1. Why is delta y not equal to dy on the graph?

Delta y and dy represent two different concepts in mathematics. Delta y is the change in the y-coordinate of a point on a graph, while dy represents the derivative of a function at a specific point. These two concepts are not equivalent and cannot be used interchangeably.

2. Can delta y and dy be equal for infinitesimally small values of dx?

No, delta y and dy will still represent different values even for infinitesimally small values of dx. This is because delta y represents the change in the y-coordinate over a finite interval, while dy represents the slope of the tangent line at a specific point on the graph.

3. Why is it important to understand the difference between delta y and dy?

Understanding the difference between delta y and dy is crucial in calculus and other mathematical fields. It allows us to accurately calculate and interpret derivatives, which are essential in solving many real-world problems. Confusing delta y and dy can lead to incorrect results and misunderstandings.

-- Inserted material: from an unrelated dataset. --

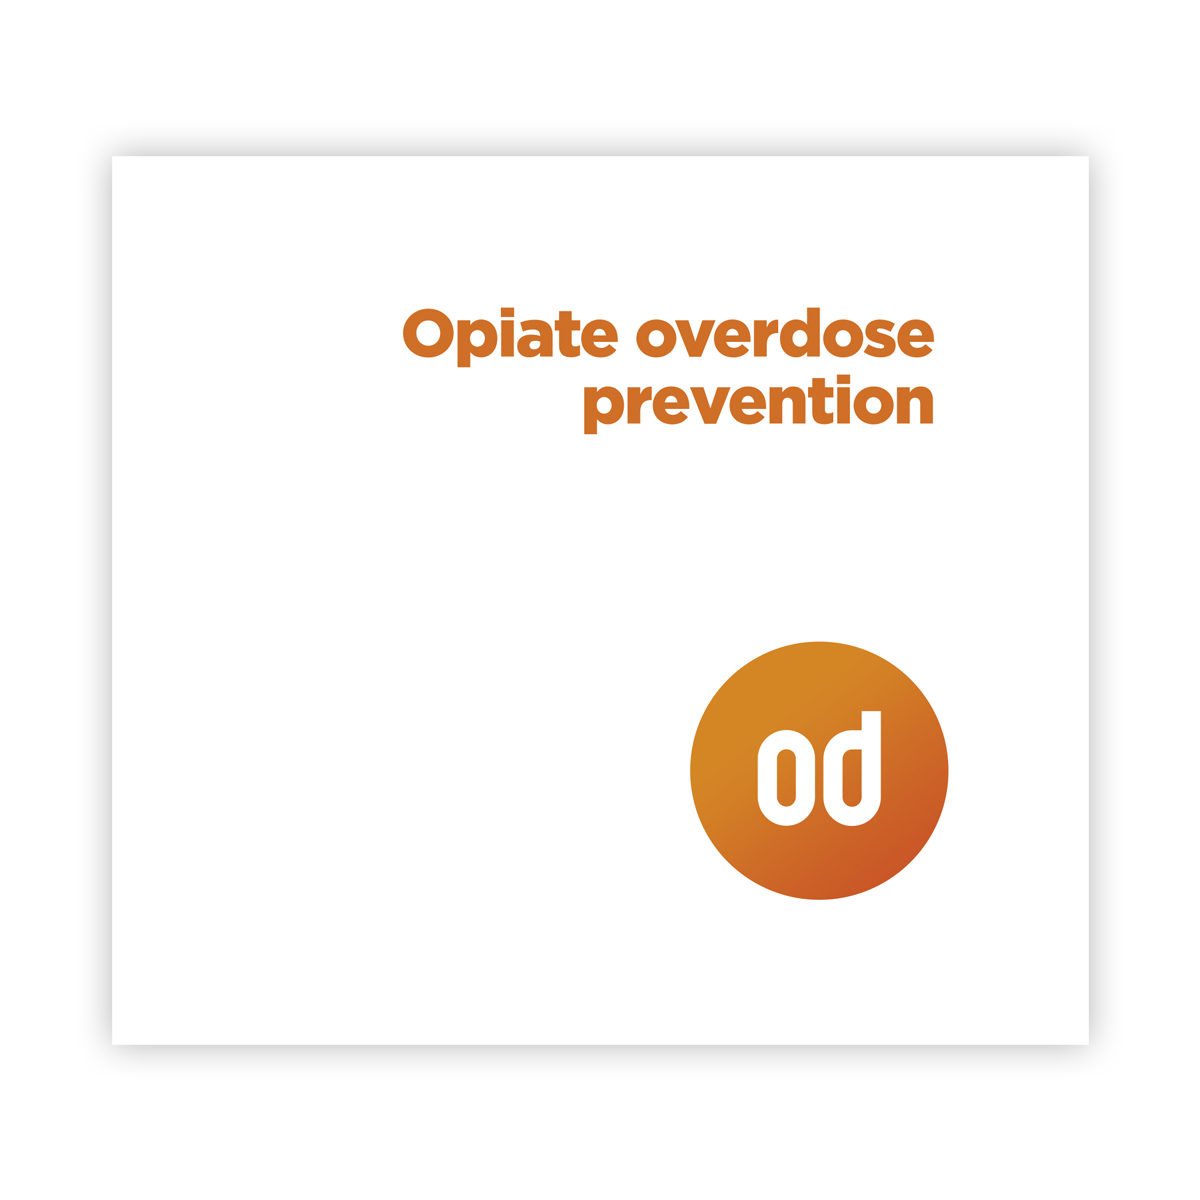 NEW EDITION: Opiate overdose prevention - a complete guide

4. Can delta y and dy ever be equal?

Delta y and dy can be equal in certain situations, such as when the function is a straight line. In this case, the slope of the tangent line (dy) will be equal to the change in the y-coordinate (delta y). However, this is not always the case and should not be assumed to be true for all functions.

5. How do we calculate delta y and dy on a graph?

To calculate delta y, we need to find the difference between the y-coordinates of two points on the graph. To calculate dy, we need to find the derivative of the function at a specific point, which can be done using various methods such as the limit definition or rules of differentiation.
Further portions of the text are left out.